With support from the Chemical Structure, Dynamics, and Mechanisms-A (CSDM-A) Program in the Division of Chemistry, Professor Stefan Stoll and his research group at the University of Washington are studying the fundamental behavior of qubits (quantum bits), the essential building blocks needed for ground-breaking quantum information applications such as quantum computing and quantum sensing. A fundamental challenge in the development of qubits is their decoherence, i.e. the fact that they lose information over time. Professor Stoll and his research group are addressing this challenge by developing and validating a computational model that predicts qubit decoherence based on molecular structures. This model will have broad impact by guiding the chemical design of novel quantum materials. Additional broader impacts of the project include advanced training opportunities for students, outreach activities, and the dissemination of online educational resources, including an open-source software for EPR spectroscopy.The scientific goals of the project include modeling and understanding the physical mechanisms that cause decoherence of molecular electron spin qubits.

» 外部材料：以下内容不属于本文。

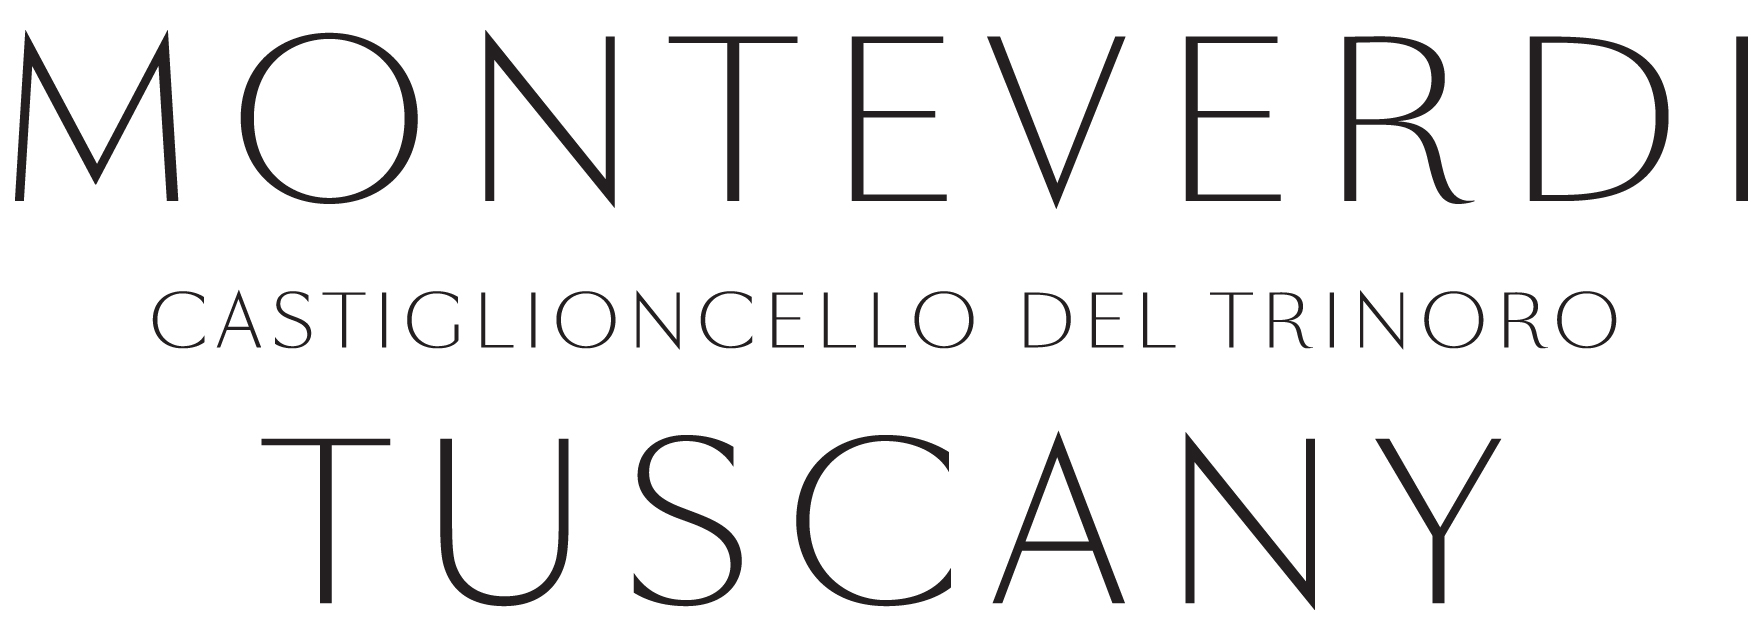 Monteverdi Tuscany Italian

For this purpose, the research team led by Professor Stoll is working to develop and validate a novel computational approach that quantitatively predicts electron spin decoherence in molecular spin qubits from their spatial structure. The first-principles approach combines density functional theory and molecular dynamics with many-body spin quantum dynamics. This innovative approach and its quantitative predictions will be validated by comparison with experimental data from pulse EPR (electron paramagnetic resonance) spectroscopy on a variety of molecular spin centers.This award reflects NSF's statutory mission and has been deemed worthy of support through evaluation using the Foundation's intellectual merit and broader impacts review criteria.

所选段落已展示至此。